A analogia aristotélica entre alma e natureza física é totalmente contrariada pela distinção radical
entre substância extensa e substância pensante que Descartes propõe, princípio fundador da física
moderna
A separação das substâncias impõe a escolha do ponto inicial da construção da filosofia. A
substância pensante, sujeito e fundamento do conhecimento, será esse ponto de partida.
O Alcance da subjetividade
Da dúvida à certeza
A subjetividade em Descartes é um o ponto fixo e seguro e por isso deverá revestir-se das
características de princípio e substancialidade
Para Descartes, o limite da dúvida é a descoberta do pensamento. O exercício da dúvida leva à
constatação da existência de um resíduo indubitável suposto no próprio ato de duvidar: o
pensamento, e a radicalidade da dúvida faz com que o pensamento seja descoberto na sua
singularidade absoluta. Penso, logo existo.
O Encontro do Pensamento
O pensamento é o conjunto dos conteúdos da consciência. Toda consciência interna é pensamento, e
o pensamento recobre toda e qualquer representação. As representaçãoes são valores de conteúdos
de consciência, que é o campo inicial onde se exercerá o método por meio de uma inspeção do
espírito.
Não é preciso fazer distinção entre o pensamento e o sentimento, a representação implicada no
sentimento faz com que sentir seja pensar, então o pensamento é condição da representação do
sensível. Do ponto de vista da representação, posso abstrair o julgamento acerca da verdade ou
falsidade do que é veiculado pela imagem: nem por isso a representação enquanto tal deixará de
existir pois ela é a verdade do pensamento. Apesar de que no sentimento e na sensação, o corpo e os
sentidos desempenhem algum papel, o que interessa a Descartes e é encontrar nesse estado
primeiramente a consciência do sentimento, o que equivale a pensamento.

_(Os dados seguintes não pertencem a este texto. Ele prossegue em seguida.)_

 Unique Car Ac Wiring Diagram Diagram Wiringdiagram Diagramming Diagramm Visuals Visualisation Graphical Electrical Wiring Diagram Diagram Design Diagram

O pensamento e a existência do pensamento são indissociáveis que significa a descoberta de si
mesmo como ser pensante. E ser pensante requer uma atualidade do pensamento, ou seja: Penso,
logo existo significa também existo enquanto penso.
IDÈIA E REALIDADE
O alcance do fundamento subjetivo
A subjetividade ganha os contornos de um incondicionado que responderia às exigências de um
ponto fixo e seguro, verdadeiro alicerce, que se estava procurando.

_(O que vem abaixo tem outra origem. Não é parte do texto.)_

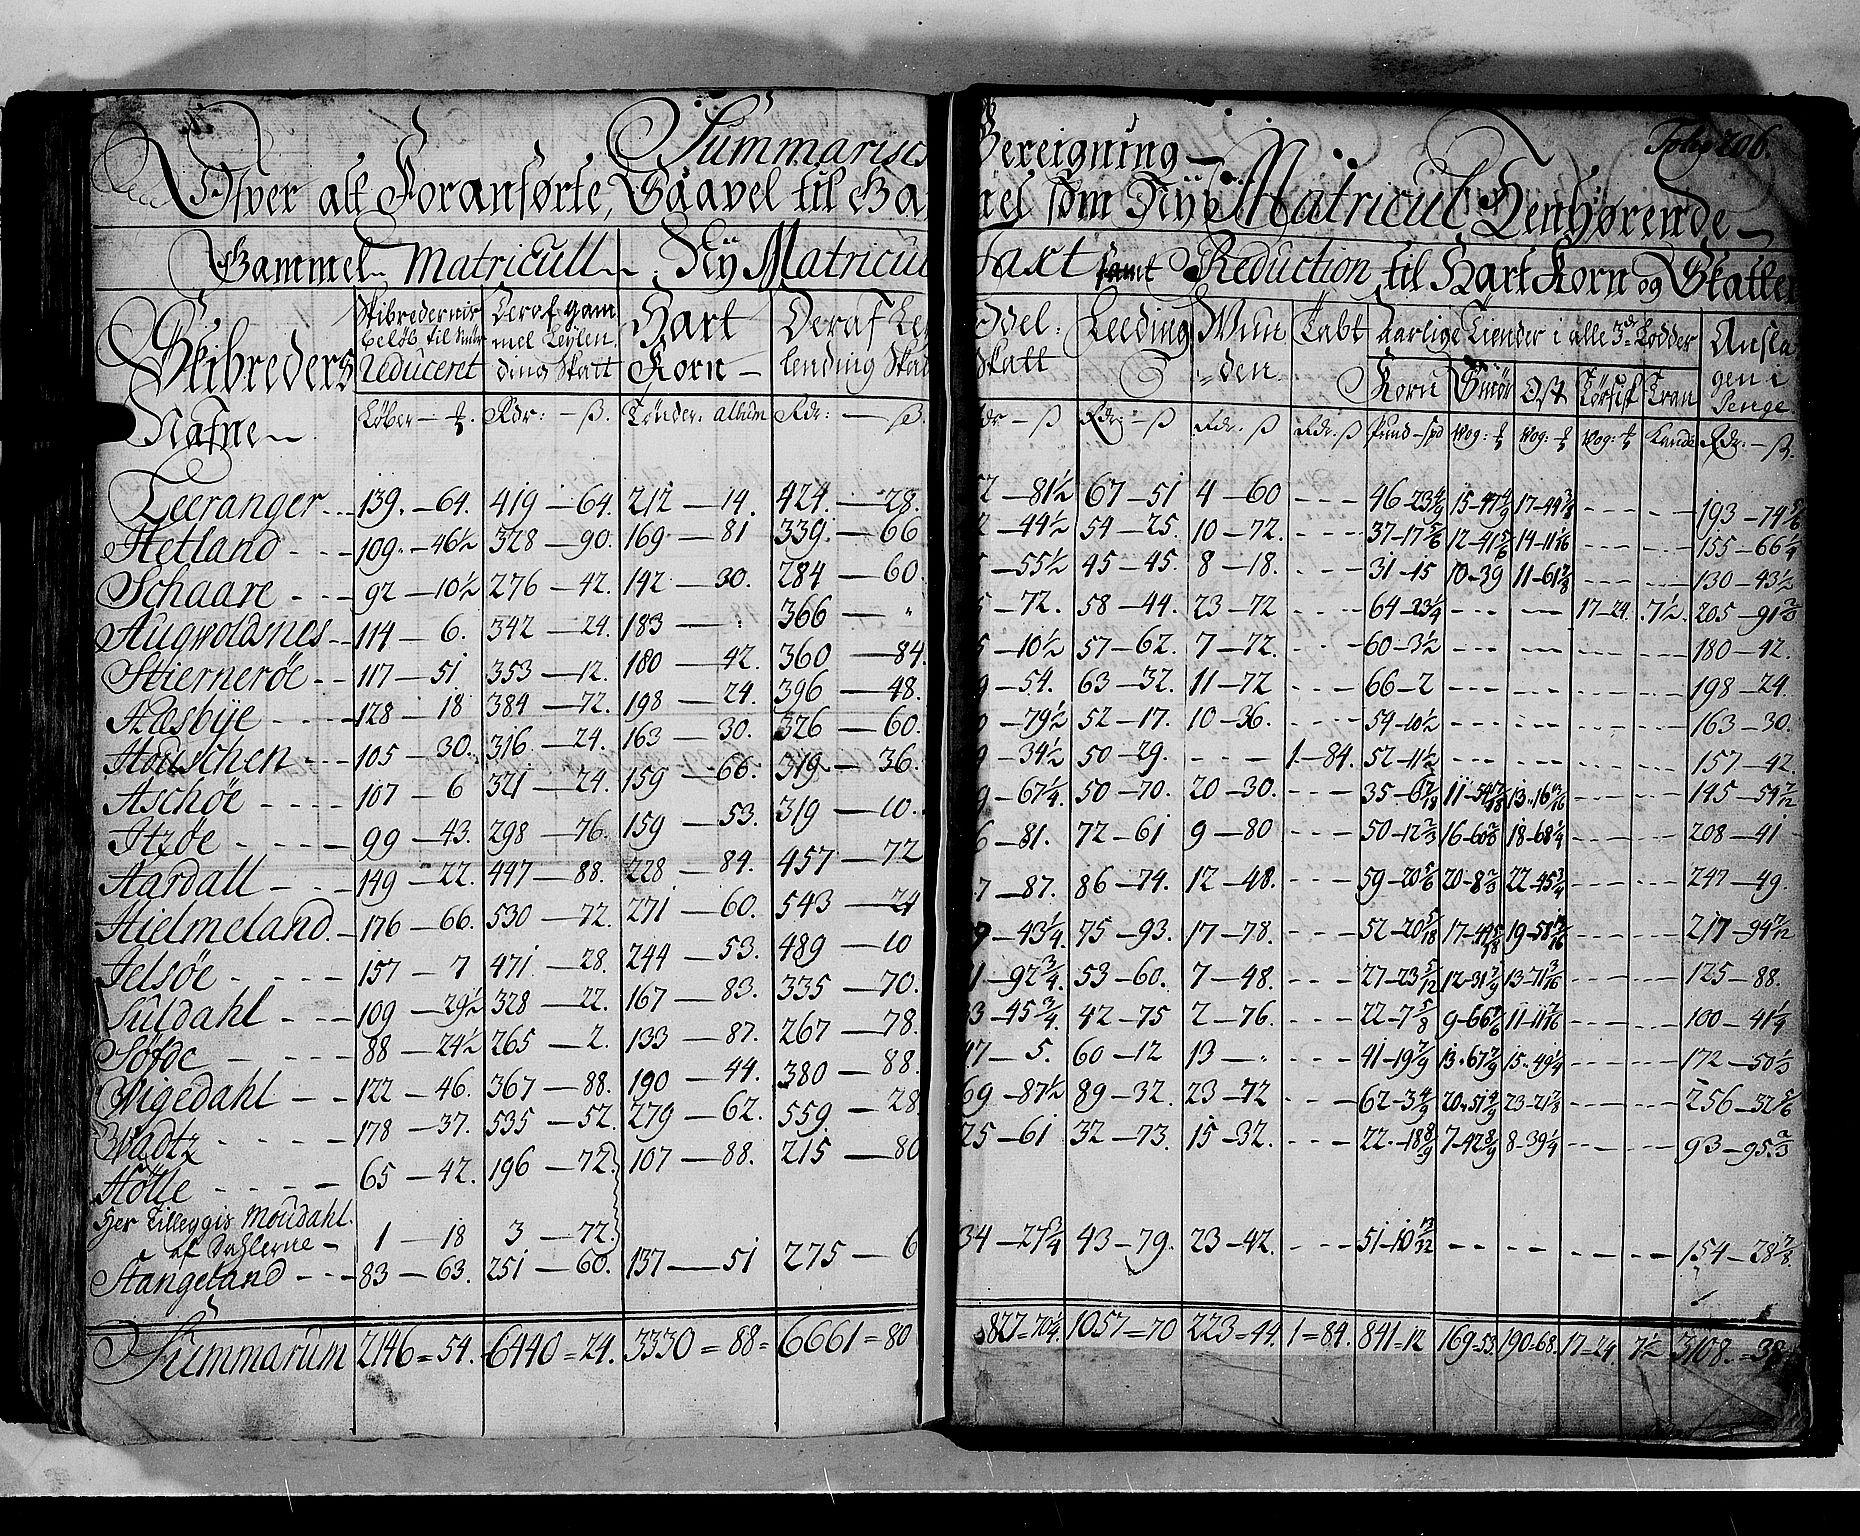 RA, Rentekammeret inntil 1814, Realistisk ordnet avdeling, N/Nb/Nbf/L0133b: Ryfylke matrikkelprotokoll, 1723, s. 205b-206a

Sendo o “eu pensante o ponto de apoio e fundamento da ciência; a cadeia de razões que a partir dele
se constrói metodicamente se beneficia de sua verdade. Mas ele também é atual: só vale no ato de
pensar-se. Sendo assim, a clareza e a distinção como regra subjetiva geral, quando não beneficiadas
pelo pensamento atual, deixam de valer como regra geral, uma vez que as representações claras e
distintas ficam com sua evidência comprometida pela possível existência do Deus Enganador. A
ciência, dessa forma, não somente seria apenas subjetiva, como careceria de duração e necessidade
no tempo, pois estaria subordinada à instantaneidade da consciência do Eu pensante. Seria subjetiva
no sentido restritivo, o sentido em que subjetivo se opõe a objetivo.”